MATERIAL FOR THE TASK »
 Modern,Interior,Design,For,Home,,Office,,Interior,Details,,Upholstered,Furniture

* * *

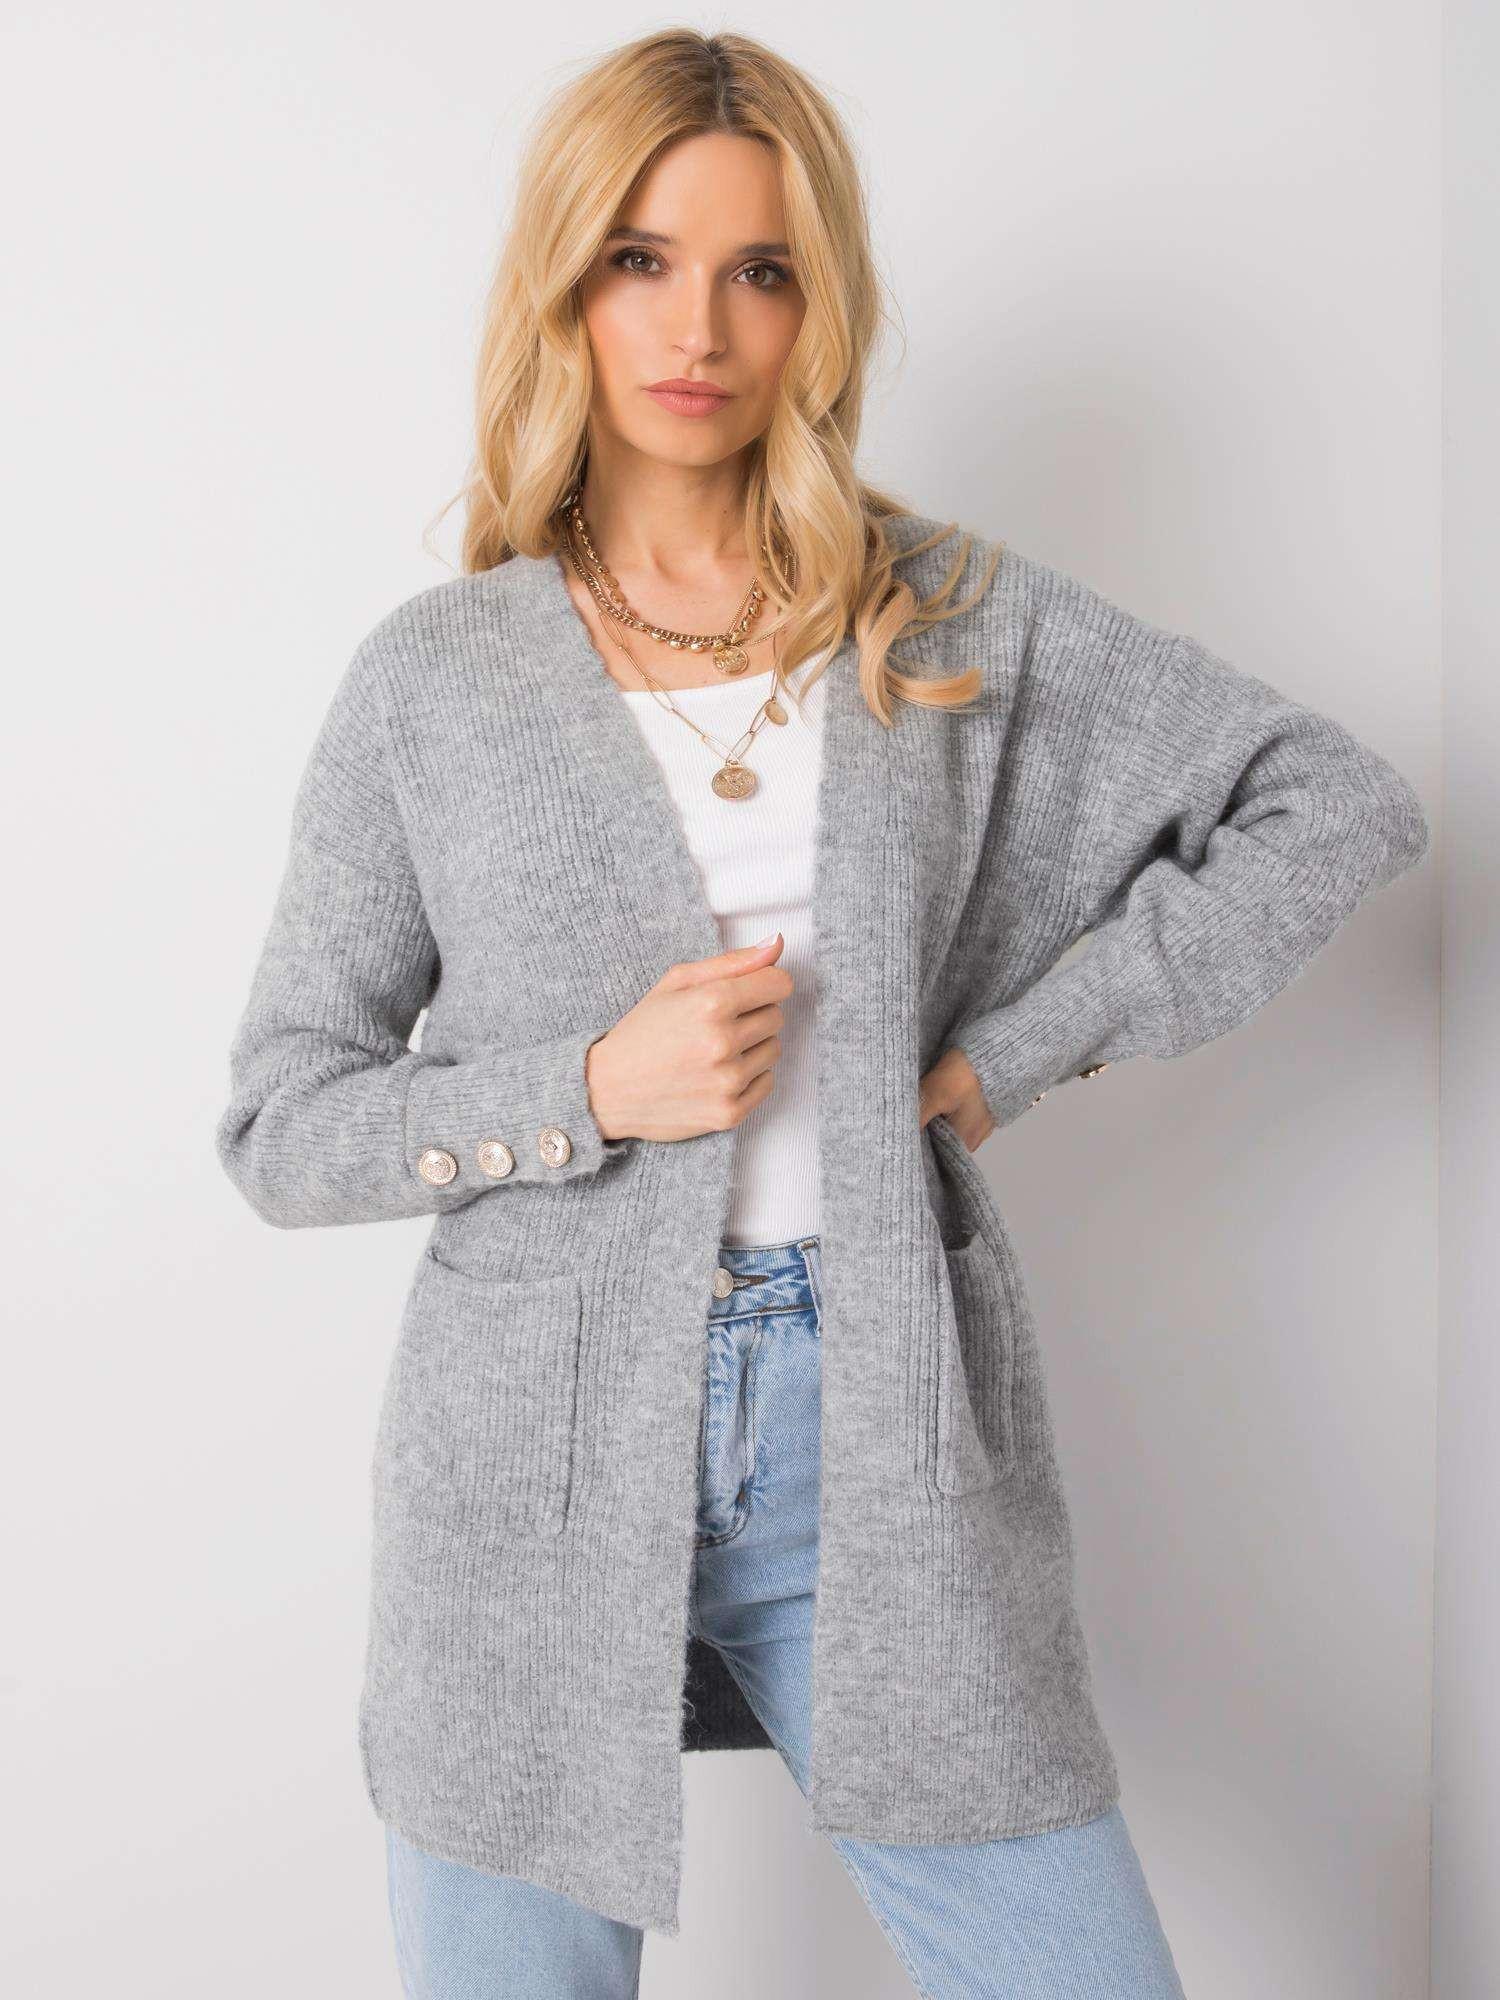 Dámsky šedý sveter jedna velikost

--

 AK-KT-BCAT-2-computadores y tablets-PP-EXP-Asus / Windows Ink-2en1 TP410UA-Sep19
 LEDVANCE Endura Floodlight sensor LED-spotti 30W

THE PROBLEM »
Your answer should consist of the lines from the line with "AK-KT-BCAT-2-computadores y tablets-PP-EXP-Asus" to the line with "LEDVANCE Endura Floodlight" above, repeated exactly, both ends included.

RESPONSE TO THIS TASK »
 AK-KT-BCAT-2-computadores y tablets-PP-EXP-Asus / Windows Ink-2en1 TP410UA-Sep19
 LEDVANCE Endura Floodlight sensor LED-spotti 30W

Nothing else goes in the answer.